それでは、副業で得た所得については、どうすればよいのでしょうか。ポイントは、その所得が給与として受け取ったものなのか、そうでないのか、というところにあります。もし、給与として受け取ったなら、その額に関係なく、確定申告しなくてはなりません。しかし、事業所得や雑所得などの給与以外の所得だった場合は、20万円以下であれば確定申告の必要はありません。

給与所得として得た副業の収入や20万円を超える雑所得などがある場合は、翌年の2月16日~3月15日の間にそのエリアを管轄する税務署に出向いて、確定申告の手続きをする必要があります。

副業を会社に知られるのはなぜ?

副業が会社に知られないようにするためには、そもそも「なぜ副業が知られてしまうのか」について知っておくことが大切です。会社が副業に気づくきっかけとなるのが、「住民税の手続き」です。

所得税がその年の所得にかかってくる国税なのに対し、住民税は前年の所得にかかってくる市町村税です。すなわち、年末調整や確定申告によって確定した課税所得に基づいて、その翌年の住民税の税額が決まってくるのです。

確定した課税所得のうち、給与所得の分については、翌年の給与から天引きして徴収することが地方税法で決まっています。そのため、副業で得た給与についても、本業の会社の給与から天引きされるのです。給与所得以外の所得についても、別途申請しないかぎり天引きの対象となります。

会社は天引きした住民税を市町村に納税する義務を負っています。そのため、いくら天引きすればよいか、市町村から通知を受けます。通知には、給与所得とそれ以外の所得が記載されているので、会社が支給した給与より記載額が多いと、会社は副業で給与を得ていることに気づくのです。もちろん、給与以外の所得についても把握されています。

副業を知られないようにするには?

副業を知られないようにするには、住民税を自分で支払えば良いのです。税金を納付書で自ら納めることを普通納付といいます。

確定申告をするとき提出する書類(確定申告書の第ニ表)に、住民税をどのような方法で納付するか選択する欄があります。「給与から差引き」と「自分で納付」という選択肢があるので、「自分で納付」を選びます。すると、自宅に住民税の納付書が届きます。その結果、会社には住民税の通知が行かないので、副業に気づかれるおそれがなくなります。

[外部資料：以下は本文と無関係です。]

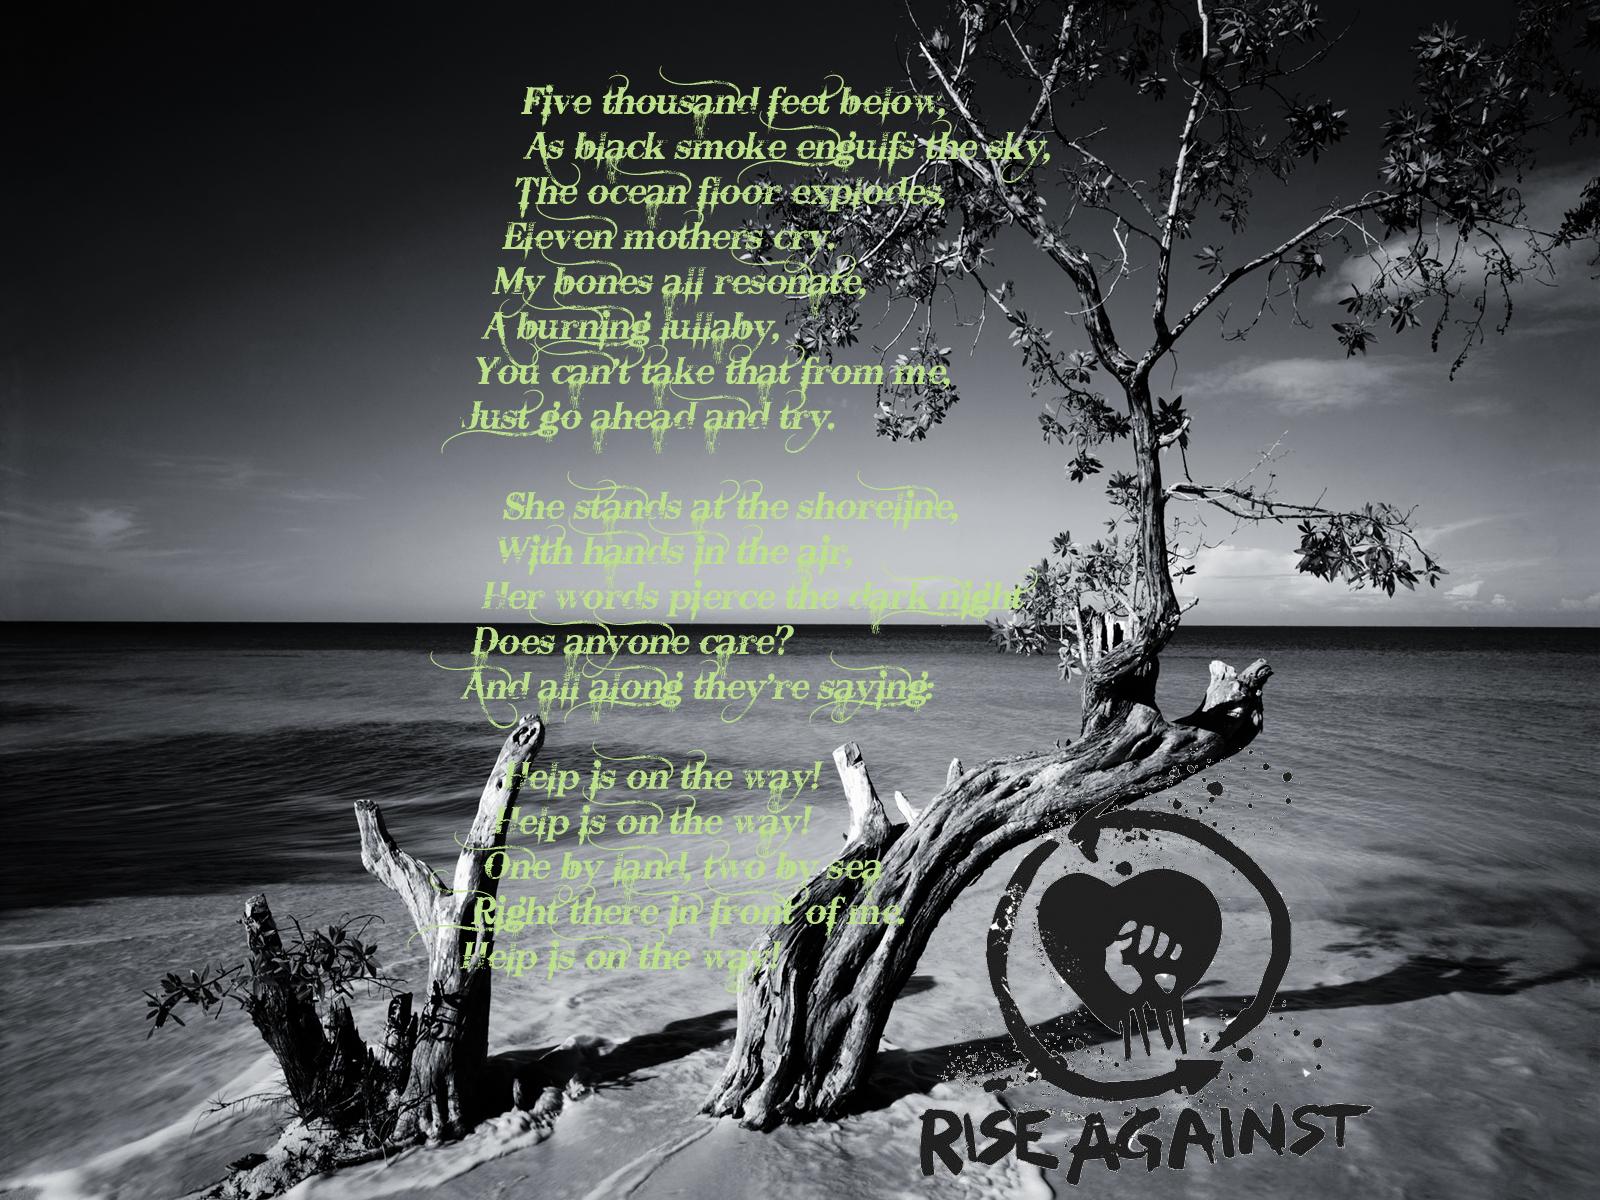 1600x1200 Px Hardcore Lyrics Monochrome Punk Rock Rise Against
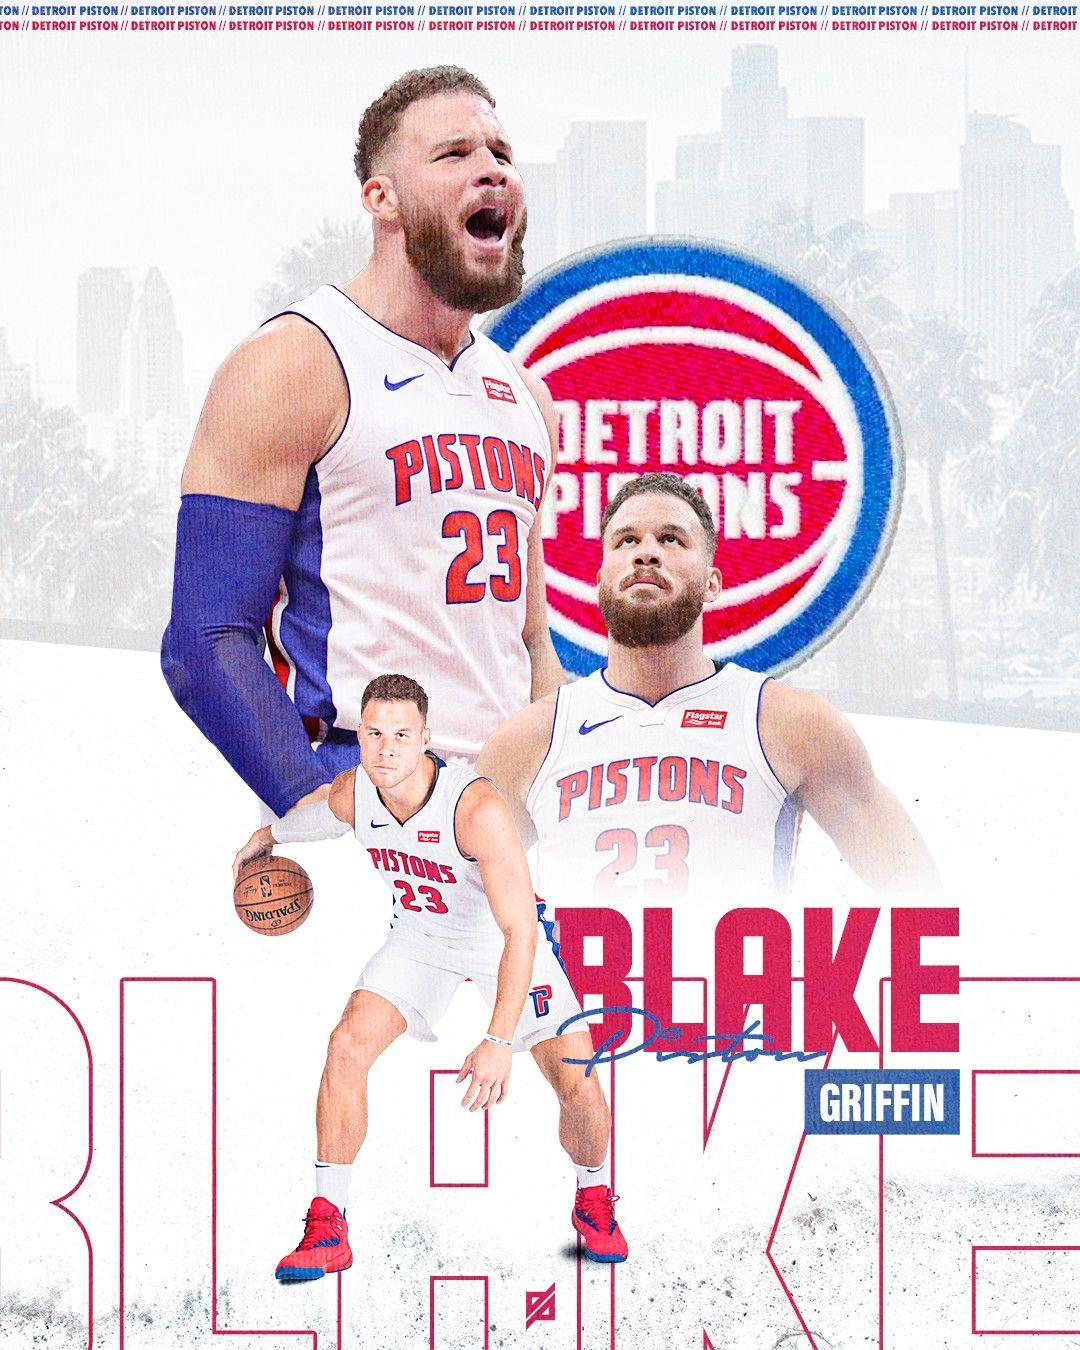 Pin By Djebril Design On Poster Design Sports Design Inspiration Sports Design Blake Griffin

副業が給与所得でない場合は、この方法を使えば会社に知られずにすむ確率は高いでしょう。

ただし、一つ問題があります。法律的には、給与所得は普通納付できないことになっています。そのため、法律を遵守する市町村だった場合、副業が給与所得なら「自分で納付」を選んでも特別徴収扱いになって、会社に通知が行くおそれがあります。しかし、多くの市町村では、住民サービスの一環として、給与所得でも普通納付を認めています。副業を会社に知られたくない事情を市町村に説明すれば、善処してもらえることも少なくありません。まずは、お住いの市町村の担当窓口に電話して、相談してみてはいかがでしょうか。

住民税を自分で納付しよう!

住民税を普通納付することを確定申告で指定すれば、副業を会社に知られずにすむかもしれません。とくに、副業が給与所得でないなら、この可能性は高いでしょう。ただし、普通納付を選んだ場合でも、会社に住民税の通知が行くことがあり、絶対に会社に知られない保証はない、と考えた方が無難です。

また、たとえ会社から何も言われない場合でも、副業が知られていないとは限りません。様子見しているだけ、ということもあるからです。

政府は、副業を推進しています。しかし、副業を禁止している企業はいまだ少なくなく、今後の動向に注目していく必要がありそうです。